The shortages extend beyond technical expertise. Employers are increasingly looking for staff with teamwork and systems thinking skills, empathy and a growth mindset — essential qualities for thriving amid constant change, particularly in green and digital contexts.
Supporting youth through skills intelligence and VET
Young people are entering a labour market shaped by rapid technological and social change and continuously evolving skills transitions. Their ability to find opportunities and to succeed in this evolving landscape will be vital to Europe’s social and economic resilience.
Cedefop’s skills intelligence and vocational education and training (VET) work supports evidence-based reforms by tracking trends and anticipating future needs, providing essential evidence for inclusive, flexible and future-ready pathways. This includes targeted research on NEETs (young people Not in Education, Employment, or Training). Such analysis focuses on analysing the barriers they face and developing policy recommendations to re-engage disconnected youth through tailored VET pathways and second-chance opportunities.
National responses shaping the path forward
Aligned with the Reinforced Youth Guarantee, countries across the EU are introducing targeted measures to help young people transition into quality employment. Cedefop tracks such measures and analyses how and why they work in their national context. Examples include:
- Preventing early leaving: Flanders launched ESF-funded projects to identify and support at-risk VET students, guiding them into training or qualification pathways before they drop out.
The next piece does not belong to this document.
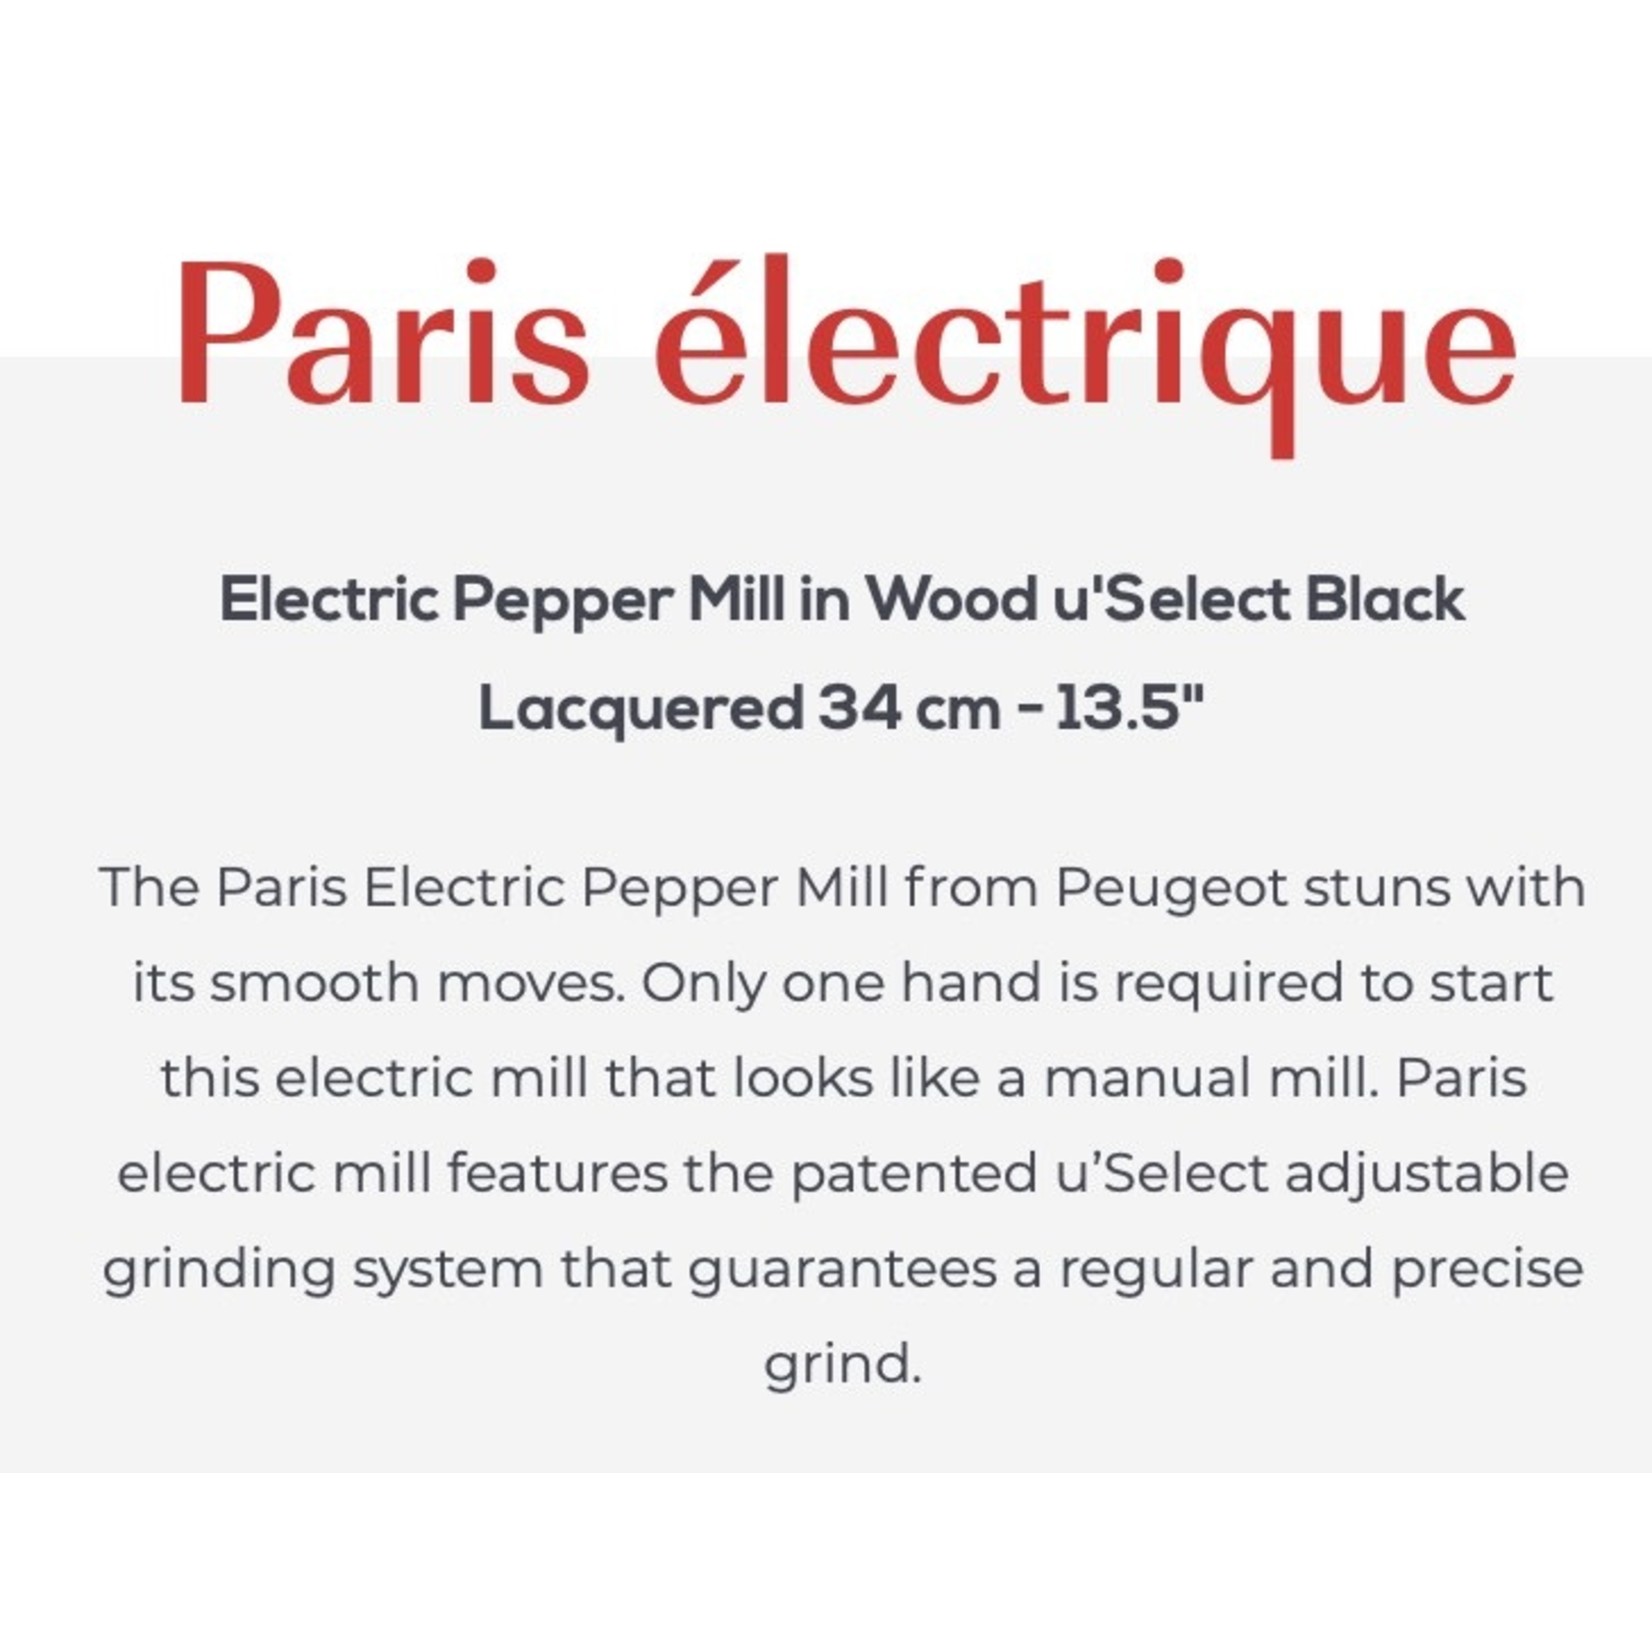 PEUGEOT PEUGEOT Paris Electric Pepper Mill 34cm - Black Lacquer
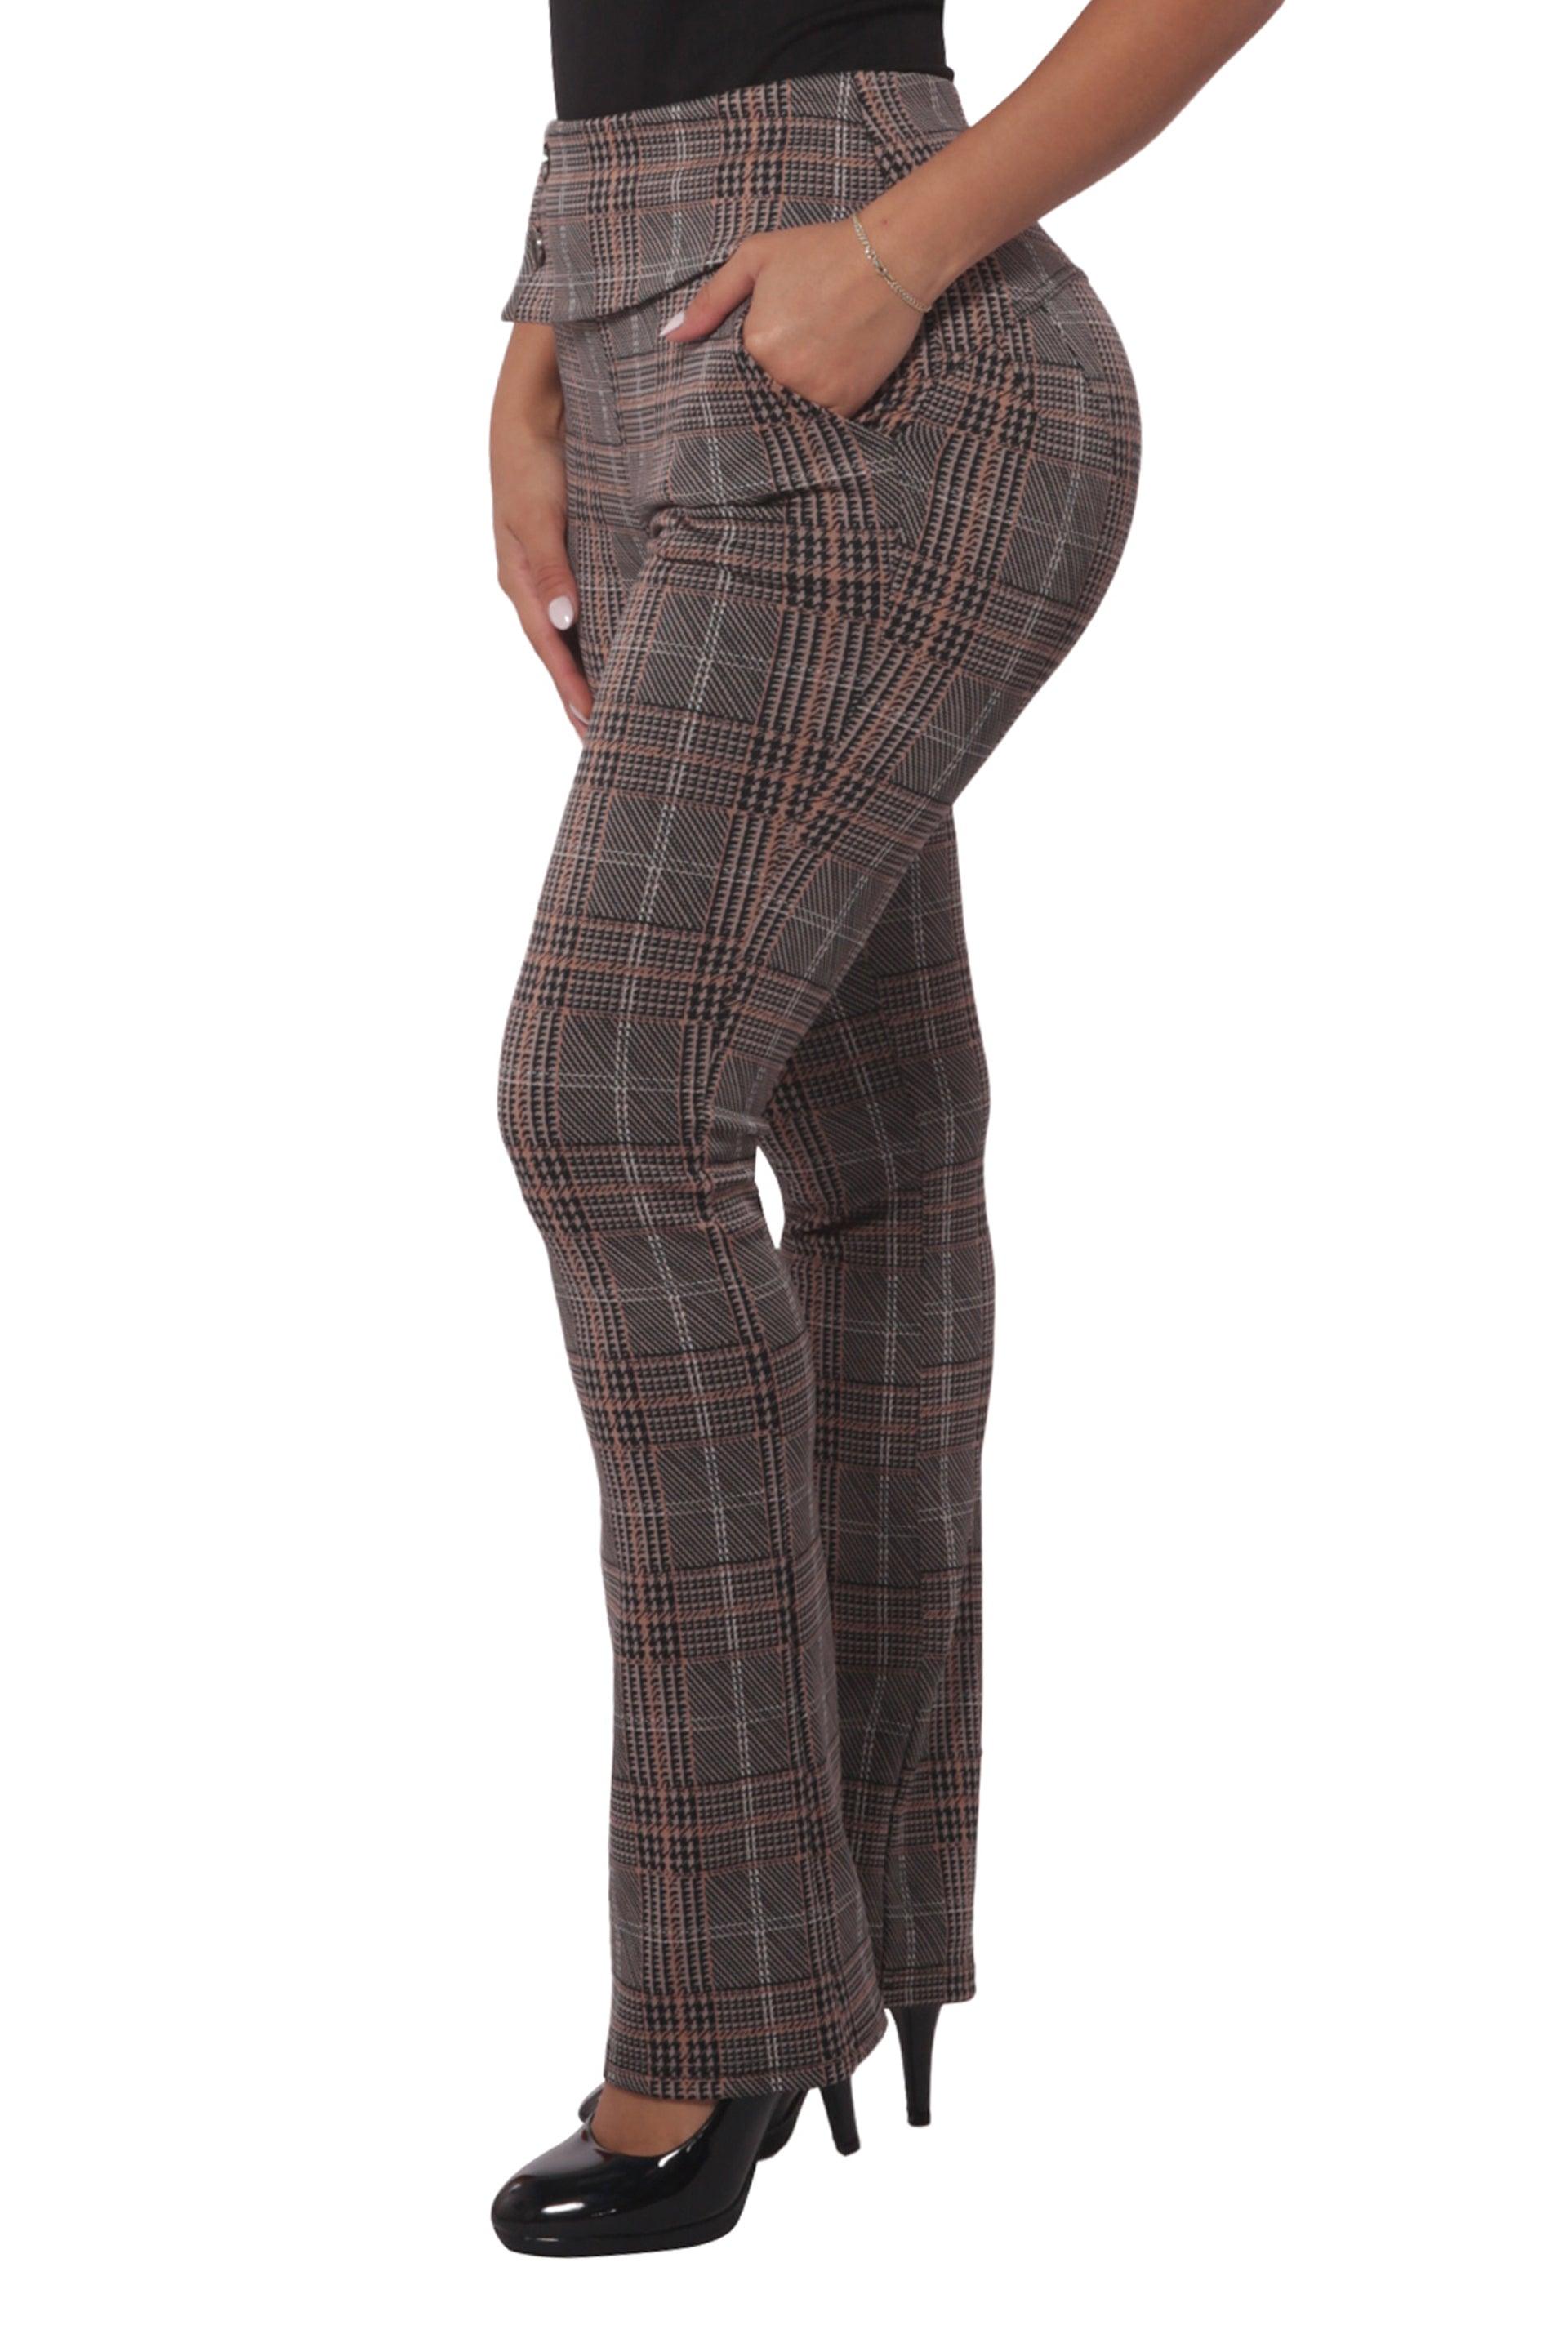 Asymmetrical Button Waist Flare Pants - Khaki, Brown Plaid - SHOSHO Fashion

- Reforms towards flexibility: Czechia introduced a new lyceum pilot that blends general and vocational education, offering students more time to choose their path and easing transitions to higher education or work
- Raising the profile of VET to inspire young talent: Poland’s SkillsPoland competitions raise the profile of VET, engaging youth through national skills tournaments and strengthening links with employers and trainers.
Empowering youth means equipping them not just for jobs, but for active citizenship and lifelong adaptability. Skills intelligence provides evidence-based insight into the jobs and skills of today and tomorrow, guiding Europe to build skills anticipation and training ecosystems that anticipate change and unlock the next generation’s potential.